第4話 ぅゎょぅι゛ょっょぃ



 降臨した桃色の神様を前に、俺は絶望した。

 膝を折って「神は死んだ!」と錯乱しかけた。

 単発SSRの出目は、神様がお助けキャラよろしく旅について回るこのすば仕様ということだろう。

 つまりは駄女神であると予想される。

 神様らしく万能で有能なセンもあるが、人間程度の演技を見抜けないあたりコイツに知能派の影はない。

 そもそもの前提として俺の運勢で当たりが引けるはずはないと確信していた。

 

 ……どうすんだよこの逆チート配牌。

 なぜ勝ち確の状況からここまで落ちる。

 今のところ成長速度に自信ありな微チートおっさんでしかないぞ。

 オマケに幼女を連れ立っていては適齢女性から子持ちコブつきに見られるのは回避不可だ。

 これでハーレムを目標に掲げるのは難易度ナイトメアってレベルじゃない。

 絵に描いた餅がヘソで茶を沸かすような話だ。


 他にもアビリティガチャで神様キャラが排出さるのはバグだろとか、オマエ神様の仕事はどうしたんだよと桃色幼女に問い詰めたくなるが――。


 ……………………。


 その、俺の発言って神様に聞かれてないよな?

 際どいこと言いまくった覚えあるんだが……。

 いなかったしセーフか?

 てか聞かれてた場合は大変にまずい。

 駄女神の方なら口先八丁で丸め込める説はあるが、これで真の神様なら殺されかねない。最悪で虫だ。

 

 俺は自分の不運を信じている。

 聞かれていなかった場合は駄女神だろう。

 だが聞かれていた場合は真の神様だろう。

 

「ま、まままっさかか神様が降臨してくださるとは光栄だなぁ! こちらこそ末長くよろしくお願いしたいですね! しかしこんな超絶SSR出しちまうとは、俺の人生の運を使い果たしちゃったかなァー!?」


 ダラダラと滝のような汗を流しながら揉み手でゴマすり、行方不明のテンションでめっちゃ下手に出る。

 死んでる状態なら強気に出れても生き返った今、なんの勝算も目的もなく神様相手に喧嘩腰を貫けるほど狂犬ではなかった。

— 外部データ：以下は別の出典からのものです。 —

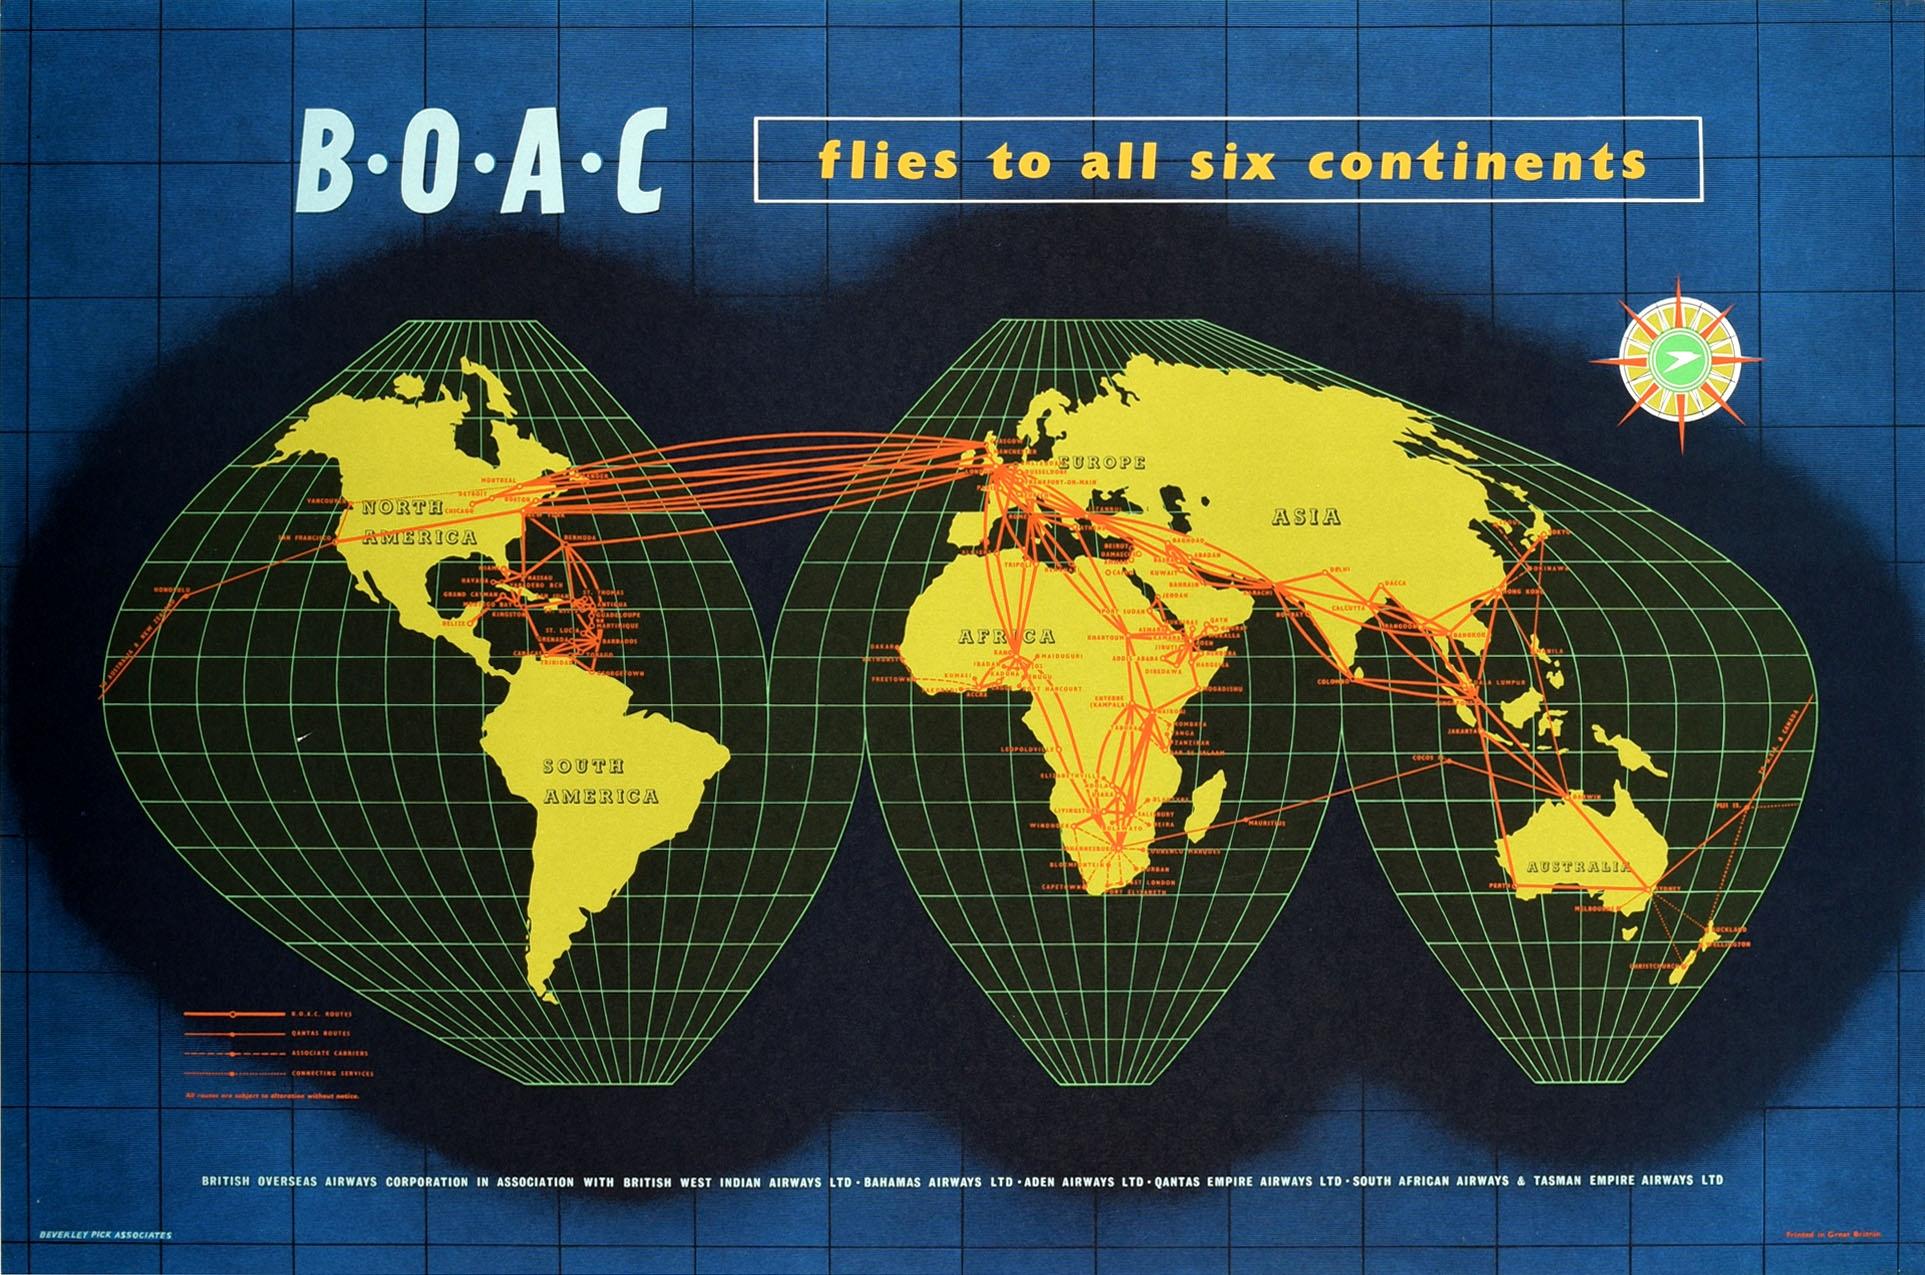 Unknown Print - Original Vintage Travel Poster BOAC Flies To All Six Continents Planisphere Map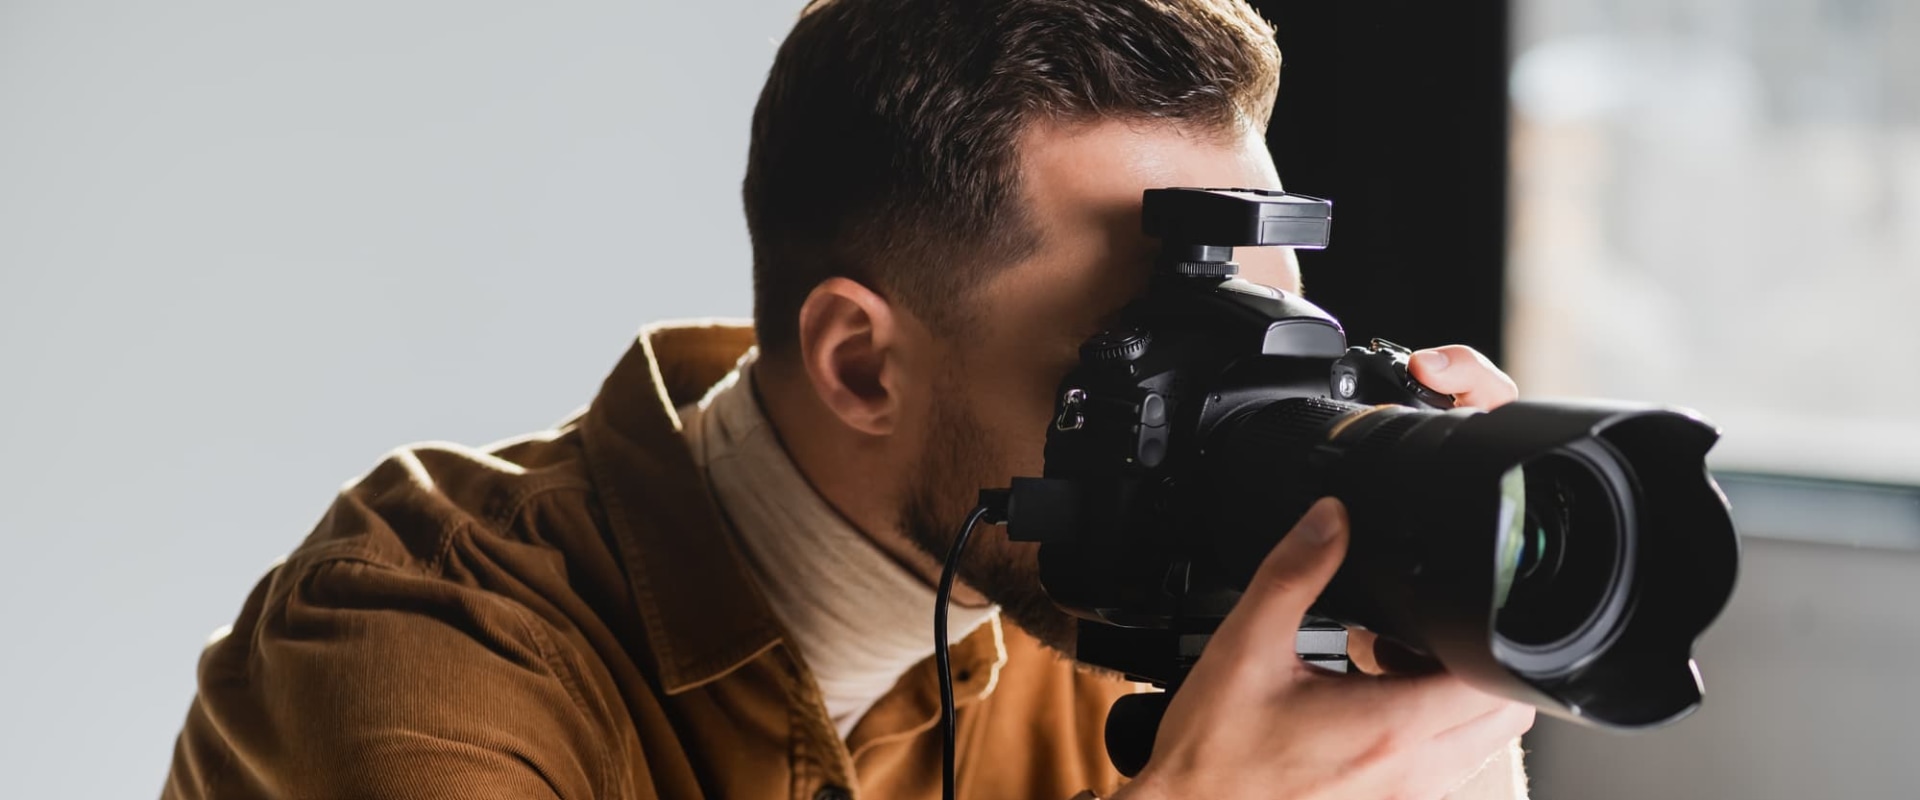 Understanding Deposits in Photography: What Photographers Need to Know

 なるべく刺激を与えないようにしながら神様の機嫌を見極めなければいけない。

 

「――安心しなよ。ガチャなんて書いてあるけど、それってボクを降臨させるためのアビリティだから。キミでも誰でも、いつ引いても同じ結果になるんだよね」


 小首をこてんと傾げてネタバラシをする神様は、怒りのあまり世界に雷の嵐を吹かせる三秒前――といった破滅的な予兆とは程遠いかわいらしい様子である。


 …………大丈夫そう、か?


「は、ははは……な、なら初めから異世界に不慣れな俺を導いてくれるつもりだったってことですか?」


 最初からついてくる気だったんなら転移直後から横に立っておけばいいものを……。

 てか何目的なんだコイツ。

 オマエは導くというか導かれる側だろ?

 補導的な意味でな。

 

「ま、まぁね。言っとくけど同行拒否なんて許さないからな! ボクが愛想つかすならともかく、キミから断る理由なんて皆無だろうけどね!」


「もちろん! 本当、最高に心強いな〜!」


 嘘だろ、なんでちょっと好感度高いんだ?

 このチョロさは間違いなく駄女神の方だな。

 余計なストレスかけやがってクソ。

 しかも古のツンデレヒロインばりのデレ方かましやがって、安っぽいエロゲーくらいでしか今どき見かけんわ。

 …………コイツまさかやっちゃいないだろうな?

 

「あとボクが神様だってことは……まあ、そうそうバレたりしないだろうけど、だからってわざわざバラさないでよね。人間程度を心配して降臨したなんて、ボクとしたことがとんだ黒歴史なんだから」


 ぷいっとそっぽを向く神様。

 心配してついてきたってことは、俺の演技が真に迫りすぎたあまりメンタルブレイクからの首吊りコンボにつながるかもと思わせちゃったのか。

 

 騙す方より騙される方が悪いのだ理論によれば俺に非がないのは明らかだ。

 しかし神様の身の上ながら人の子をもののあはれに思って地上くんだりにまで足を運んだというのに、当の本人が自らをバカにする発言をしていたと知ればさぞかし逆鱗に触れたことだろう。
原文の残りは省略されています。